Isaac creeps around a corner as he makes his way into the medical bay, a combination of completely dark areas and blindingly white rooms. We see a human survivor being assaulted by a Necromorph, deadly claws on the end of spindly alien limbs carving into flesh, blood spewing everywhere. The unfortunate victim slowly starts to change, screaming as his body is torn apart and reshaped as one of them. It spies Isaac from behind a glass window. With a deafening scream it jumps through the glass. Our demo guy uses the plasma cutter, an engineering tool re-purposed for alien death bringing, to show off the game's limb dismemberment system. Legs are torn off - so it crawls. Arms are torn off - so it snakes. A close combat curb stomp puts it out of its misery, bones crunching, throat gurgling and blood spraying.

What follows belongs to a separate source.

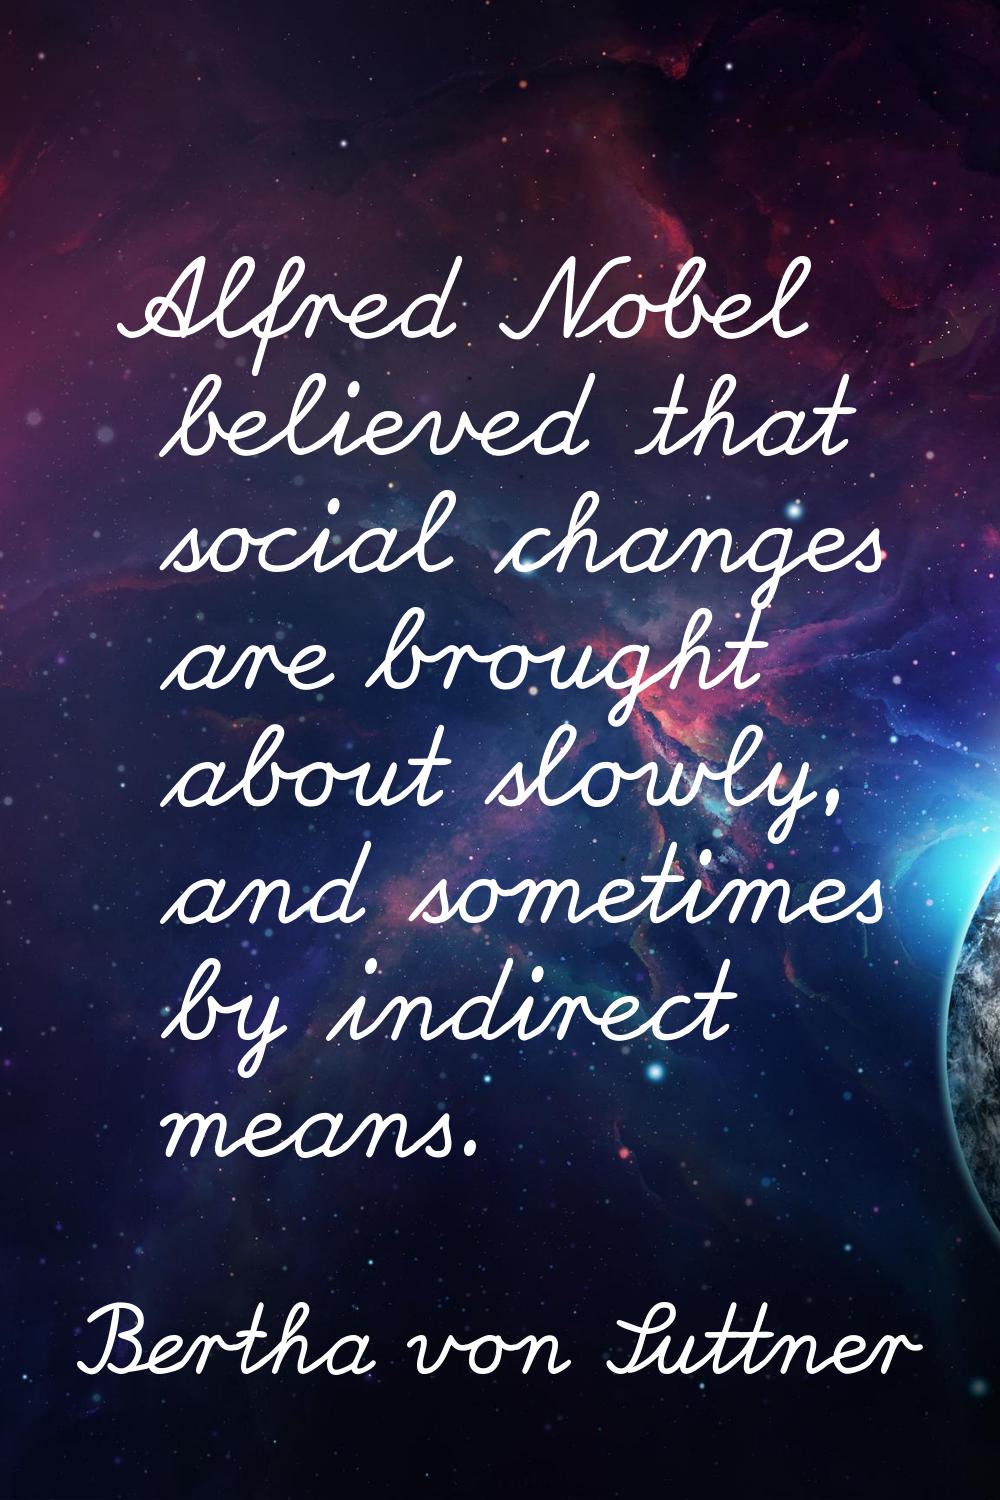 Alfred Nobel believed that social changes are brought about slowly, and sometimes by indirect means

Isaac turns another corner and enters what looks like a medical theatre. Lights are flashing on and off, making it difficult to see what's going on. We hear screams and what sounds like someone packing meat. On the theatre table is a still alive human being carved up by an insane surgeon. Our demo guy centres the camera on the action, giving us a good look at the gory scene. Then, almost oblivious to the violence, he continues down a corridor. These types of events are clearly par for the course on board the Ishimura.
And then the demo jumps forward and we're shown for the first time Dead Space's Hunter mini-boss, a fearsome Necromorph who stalks Isaac inexorably throughout the game. Here, in what looks like some sort of containment field, Isaac goes up against the Hunter. "Isaac is going to die," says Chan.
The Hunter appears, a barbecue coloured monster with giant claws for arms that stands much taller than the other aliens we've seen in the game up to this point. It clearly doesn't like Isaac, and rips into his neck. After a second's worth of futile resistance, the Hunter tears his head off then carves his torso in two. Blood is everywhere, and screams are still ringing in my head as blood fills the screen. Expect to die often in Dead Space. And when you do, don't expect it to be pretty.